Tether’s AI research demonstrates that the BitNet-1B model uses up to 77.8% less VRAM than FP16 Gemma 3-1B and 65.6% less VRAM than FP16 Qwen3-0.6B. By replacing floating-point multiplications with ternary (-1,0,1) integer addition and subtraction, a 13 billion parameter BitNet LLM runs with 29% less GPU resources (VRAM) than a 4-bit quantized 4 billion parameter Qwen3 model. According to the benchmark, the 1.58-bit quantized model can run efficiently with only 2.8GB of VRAM, which is available on mid-range computers.

BitNet 13B LLM fine-tuning framework for edge devices

Tether is stepping up efforts to scale AI advancement on edge devices – everyday consumer gadgets and IoT devices.

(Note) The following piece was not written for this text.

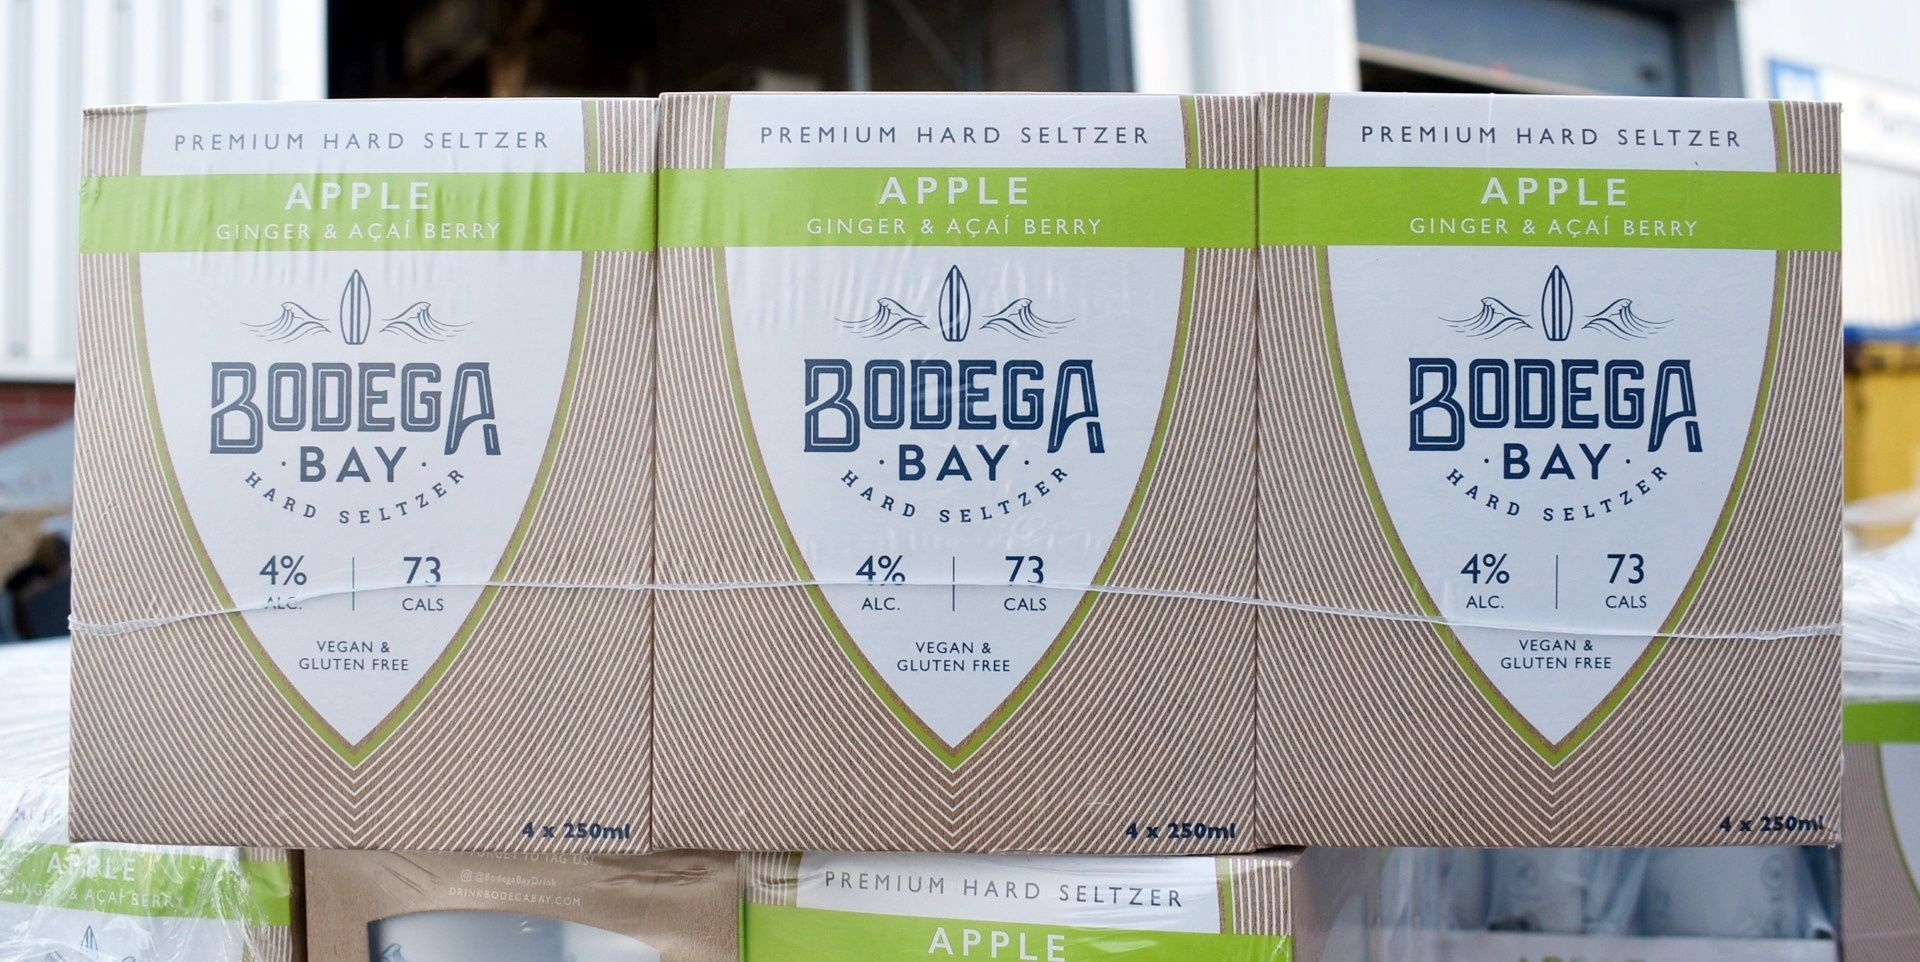 24 x Bodega Bay Hard Seltzer 250ml Alcoholic Sparkling Water Drinks - Apple Ginger & Acai Berry - Image 10 of 11

The main product of their research on BitNet is a local-first fine-tuning framework for the LLM, as announced in their latest press release. The BitNet LLM fine-tuning framework enables fine-tuning of different parameter variants of the BitNet LLM, up to the 13-billion-parameter model, on regular devices such as the Samsung S25, Google Pixel 9, and iPhone 16.

With the framework, users can fine-tune 125M-parameter BitNet models in ~10 minutes on a Samsung S25 (Adreno GPU) for a biomedical dataset of ~300 documents (~18k tokens). For larger models (such as one with 1B parameters), fine-tuning on the same biomedical data takes 1 hour 18 mins on the same device and 1 hour 45 minutes on the iPhone 16.

In addition to Vulkan runtime integration for the BitNet LLM, their work on the edge-first fine-tuning framework introduces a dynamic tiling algorithm to improve fine-tuning speed and memory allocation, reduce energy consumption, and maintain precision across CPU and GPU. The dynamic tiling algorithm breaks down large matrices into smaller ‘tiles’ whose sizes can be adjusted to fit perfectly into the GPU’s high-speed RAM (SRAM).

Tether’s BitNet fine-tuning demonstration is the first time a 13-billion-parameter model has been successfully trained on an iPhone 16 and similar devices; a procedure once reserved for high-end, centralized data centers can now run on consumer hardware.

The potential impact spans cost savings, ease of development, and adoption. Training more intelligent AI models on everyday devices unlocks superintelligence for the several billion users who rely on edge devices for their routine activities. For businesses, it offers significant cost savings and improved performance. On top of that, the privacy advantage: running models on devices means user data does not get uploaded to centralized servers.

AI technology is progressing in two ways: by scaling intelligence and applications, and by improving resource efficiency. Quantization and edge-focused research are pursuing the latter. Tether Data takes another giant leap toward local-first AI, positioning it as “the only way to bring superintelligence to billions of users”.

The future of tech is superintelligence. But billions of users and AI agents cannot coexist in shared data centers controlled by BigTech. Tether is committed to breaking conventions and developing a sustainable system for an infinite number of intelligent machines, AI agents, and netizens.